The title of the story was “The Peacemaker.” Somebody call the irony police.
I don’t know exactly what I was thinking when I wrote that story. It could be something as simple as the idea that – after a steady diet of The Prince of Tides and The Hotel New Hampshire and The World According to Garp – I had developed the idea that rape was a mandatory component of novels from the adult section of the bookstore. I could also have been trying to out-do these novels on some level – and seeing as how The Prince of Tides contains a rape scene that involves a tiger and I’m pretty sure that The Hotel New Hampshire contains a rape scene that involves a bear – out-doing these books in their violence and cruelty was no easy task. Maybe I wanted to scare myself, to see just how depraved a character I could create. I don’t know. What I do now is that some version of this character – this thoroughly horrific sociopath – has weaseled his way into every piece of fiction I have ever written since that summer. My whole writing life has been a process of tempering this kind of excess.

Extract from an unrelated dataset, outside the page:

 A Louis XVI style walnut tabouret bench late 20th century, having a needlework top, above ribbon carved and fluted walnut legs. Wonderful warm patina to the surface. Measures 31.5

Third, it was just after this summer ended that Jill and I became friends. When we were freshmen, we didn’t even know each other. We met through mutual friends and ended up on the novice crew team together. I don’t remember when I first passed along The Lords of Discipline and my other favorites along to her, but I know it was early on that school year, when we were sophomores. As far as I can remember, my friendship with Jill was my first friendship in which books played a vital role. Sure, I had had other friends who liked to read, but I didn’t talk about books much with those friends. We had our reading lives on the side, and that was fine, but our time together was spent on other things. But in my friendship with Jill, books are part of the essence of the friendship – a friendship that has included Pat Conroy from almost the very beginning.
So there you go. Do you hate me now because of that horrible story I wrote, or because I said that a novel about a bunch of nasty racist sadists is “written in my native language”? I don’t know why violence fascinates me. I don’t know why books in which people are horrible to each other strike me as more honest than books about nice people, but I don’t think I will gain anything by hiding the fact that I am bored by goodness. I do want to point out, though, that there is always a deep goodness in Conroy’s novels – and this goodness is not boring. It’s honest and hard-won and real. I plan to write more about this idea – the tension between benevolence and violence – when I write my reviews this month.

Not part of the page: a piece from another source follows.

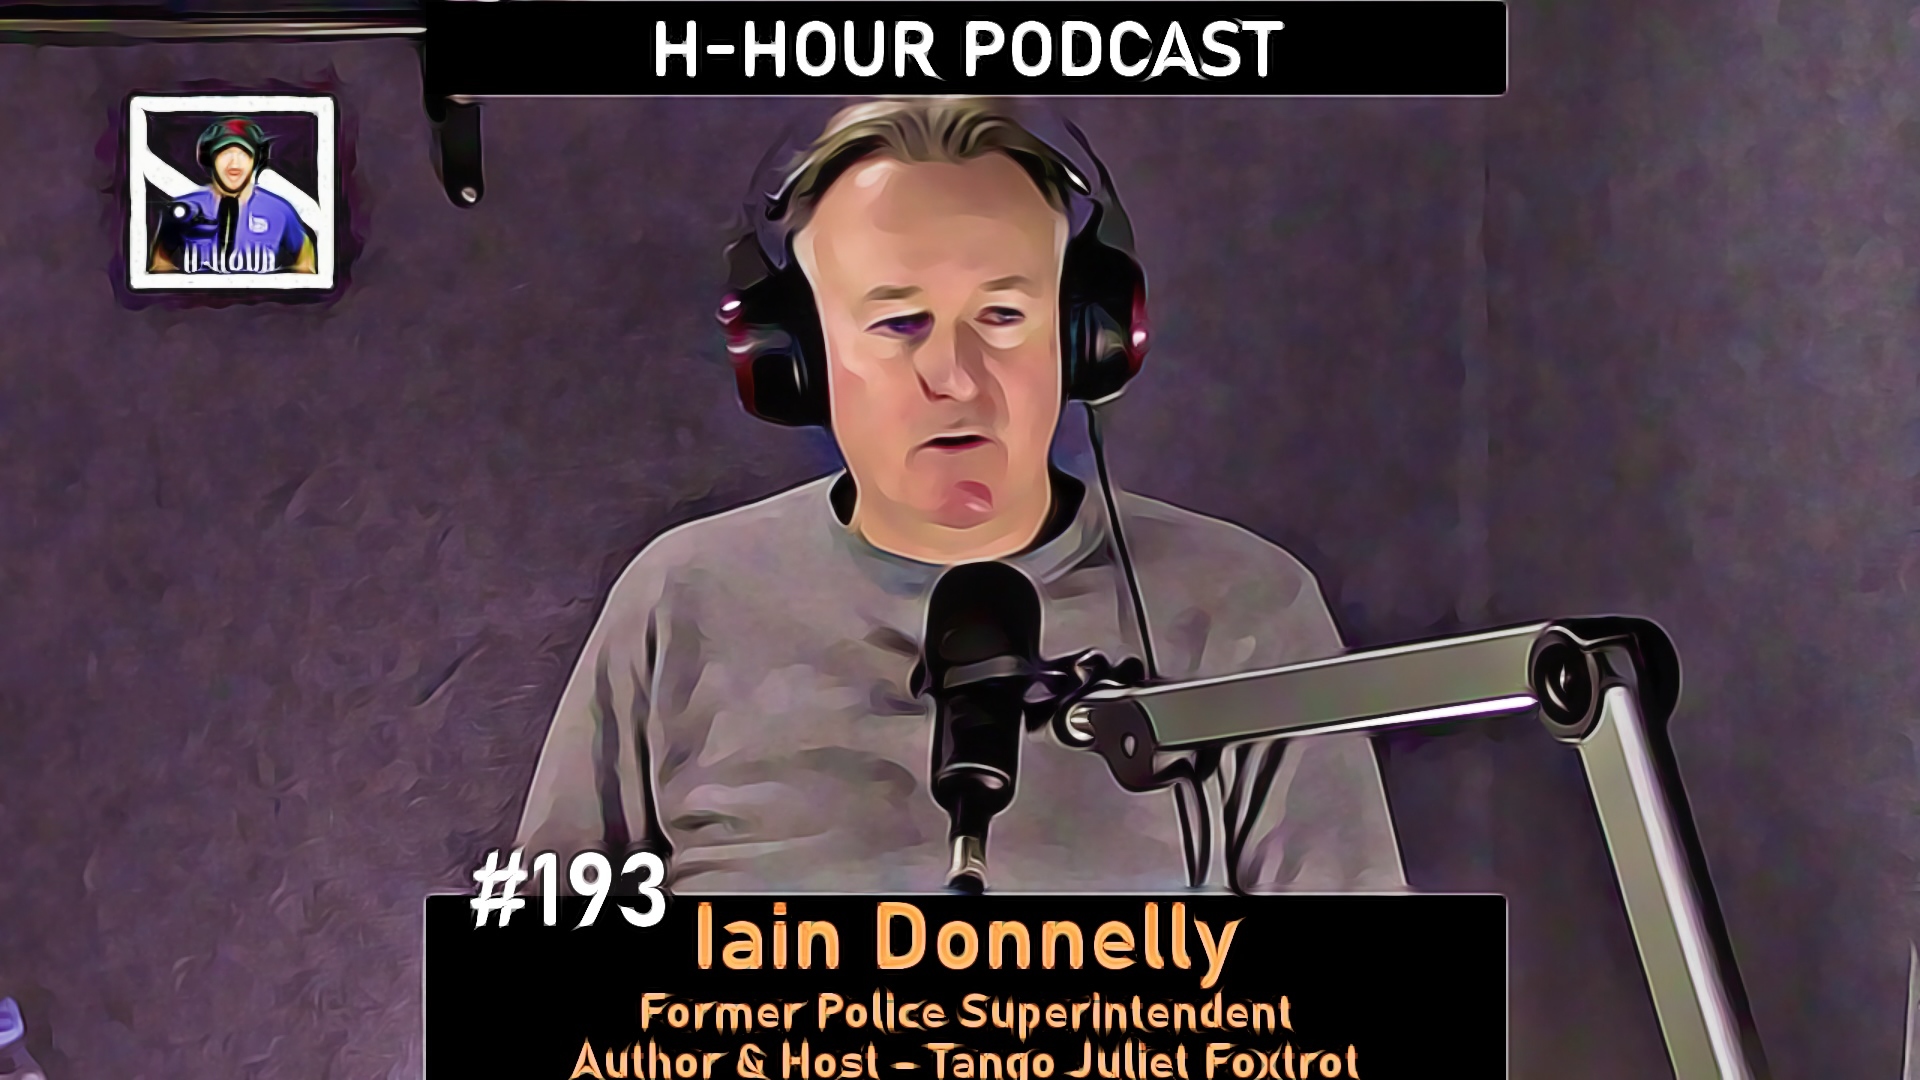 h-hour Podcast NFT #193 iain donnelly cover image

So, anyway, it’s time for me to go to bed. During the night, while I’m sleeping, an overweight, white-haired man will enter my home and eat all of my cookies and milk. In turn he’ll leave some freshly-caught shrimp and mayonnaise and maybe even some fudge made with chocolate-flavored laxative. And I’ll savor his gifts slowly – even when I know his books to be a bit overwrought – throughout September, a month that to me has always meant renewal of some sort or another.